Dessa forma, guerra = busca de quem tem poder por mais poder. Guerra = tarefa dos homens. Homens têm família e filhes. Alguém tem que cuidar deles para que possam ir à guerra. Mulher “nasceu predestinada” a cuidar da famílias e de filhes = mulher fica em casa. “Guerra não é coisa de mulher”. “Exército não é coisa de mulher”.
Por isso, essas pessoas não percebem que o alistamento obrigatório e a ida para as guerras é fruto do machismo e da dominação masculina, que, dessa vez, prejudica também os homens.
É hora de os homens insatisfeitos com essa injustiça questionarem a obrigatoriedade do alistamento. Eu não vejo isso como uma luta das mulheres, portanto.
Contudo, sim, muitas mulheres têm vontade de seguir carreira no Exército e reivindicam mais participação na vida militar do país. Isso está acontecendo, muitas mulheres estão adentrando o Exército e, inclusive, conquistando posições superiores nas Forças Armadas. Mas o machistas que sofrem com a misandria parecem não estarem bem informados.
Quanto aos sacos de cimentos, já vi vários memes “criticando” as feministas pois os homens fazem esse árduo trabalho braçal e as mulheres ficam só “bem-bom” (isso porque carregamos até mesmo o pecado do mundo nas nossas costas!).
Só que não! Mulheres estão cada vez mais atuando na construção civil, sejam como engenheiras ou como serventes (inclusive, já ouvi dizer que fazem um excelente trabalho), e tanto os homens quanto as mulheres se beneficiam das novas tecnologias que os poupam de carregar sacos de cimento (tipo aqueles carrinhos de mão?)…
10. Por fim, o Feminismo não é bom, basta olhar relatos de “ex-feministas” no youtube

Já vi uma ou outra mulher se declarar “ex-feminista”, falar mal sobre o movimento, menosprezar sua importância e anular sua necessidade, mas, admiravelmente, essas mulheres NUNCA foram feministas ou fizeram parte de algum movimento feminista. Como podem ser ex se não chegaram a ser atual?

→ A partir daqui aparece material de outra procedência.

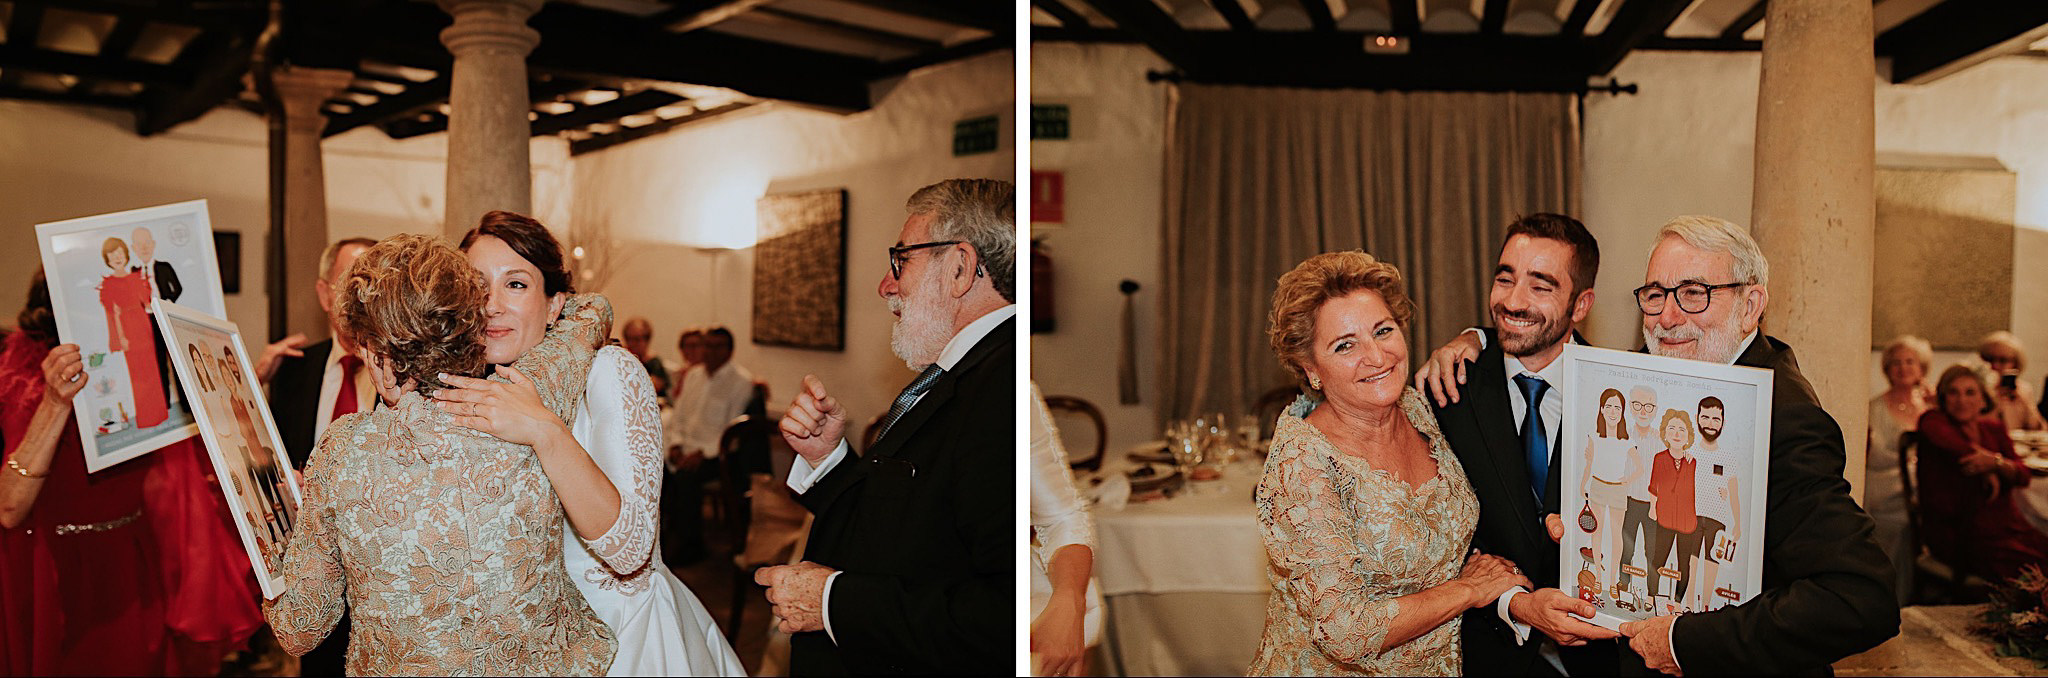 alvaro sancha boda en el palacio de meres asturias 141
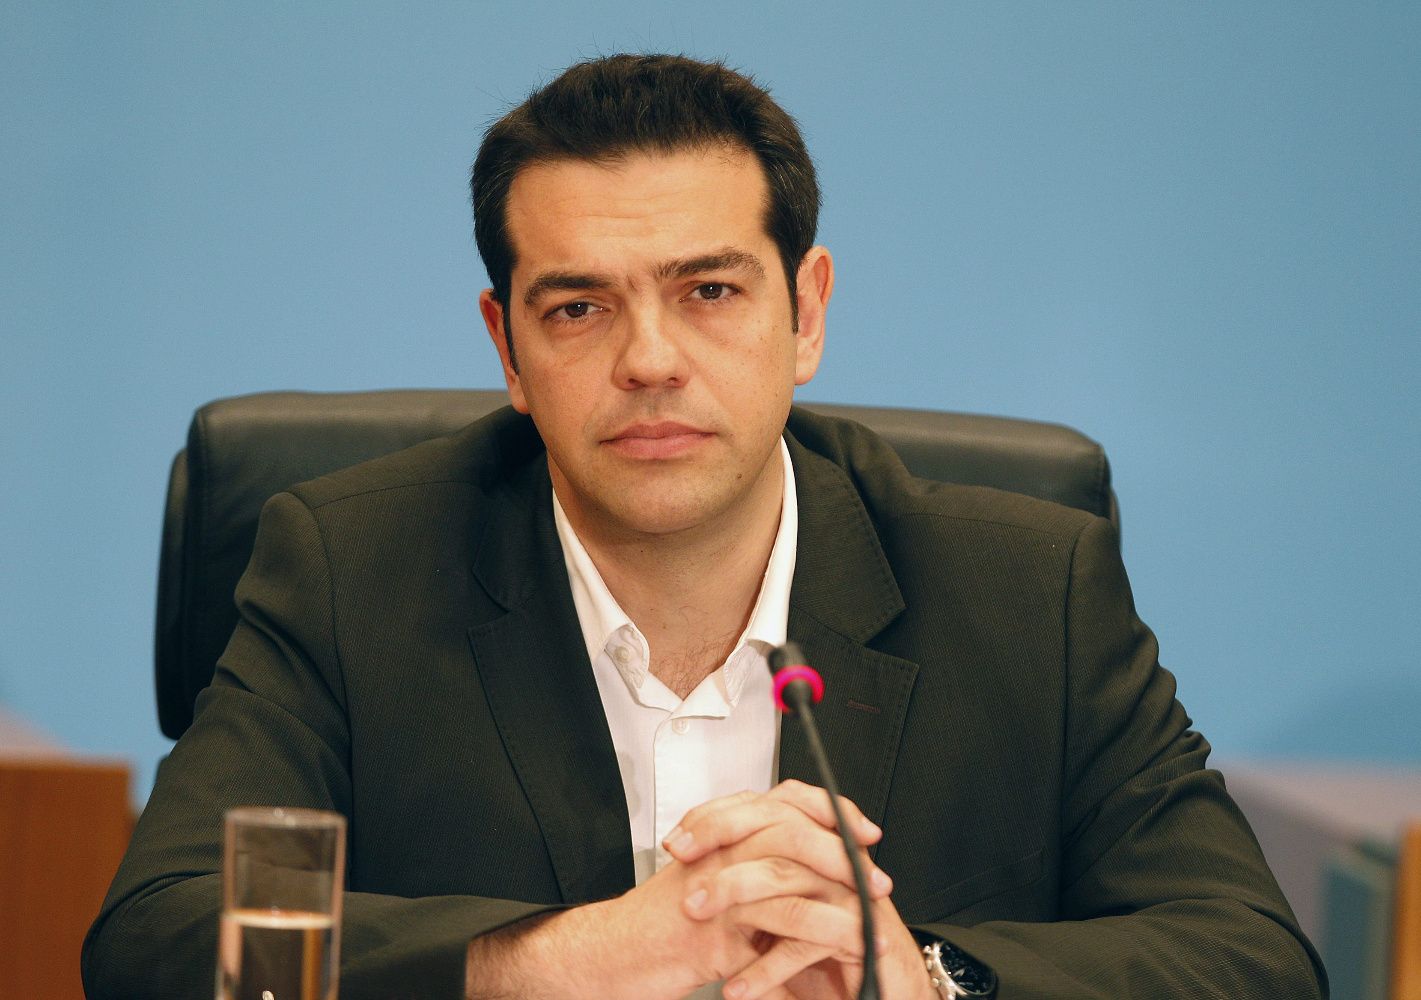 ΣΥΡΙΖΑ: Ο Τσίπρας δεν θα παραβρεθεί στην τελετή έναρξης της Ελληνικής Προεδρίας

Essas pessoas falam com propriedade sobre coisas que nunca fizeram parte de suas vidas ou de seus estudos. Claro que isso contribui muito para que os haters ataquem mais as mulheres feministas, pois se há mulheres falando mal do movimento e que se dizem terem feito parte dele, como não admitir que isso seja verdade?
É uma pena que isso aconteça, e percebo que essas mulheres querem apenas ganhar notoriedade, mais seguidores no twitter, mais inscritos no youtube…
Por isso, acho bacana que, quando alguém tem dúvida sobre o feminismo, converse com uma pessoa que realmente compreende o movimento e faça parte dele, de cabeça aberta, pois com certeza o diálogo será muito mais concreto e proveitoso.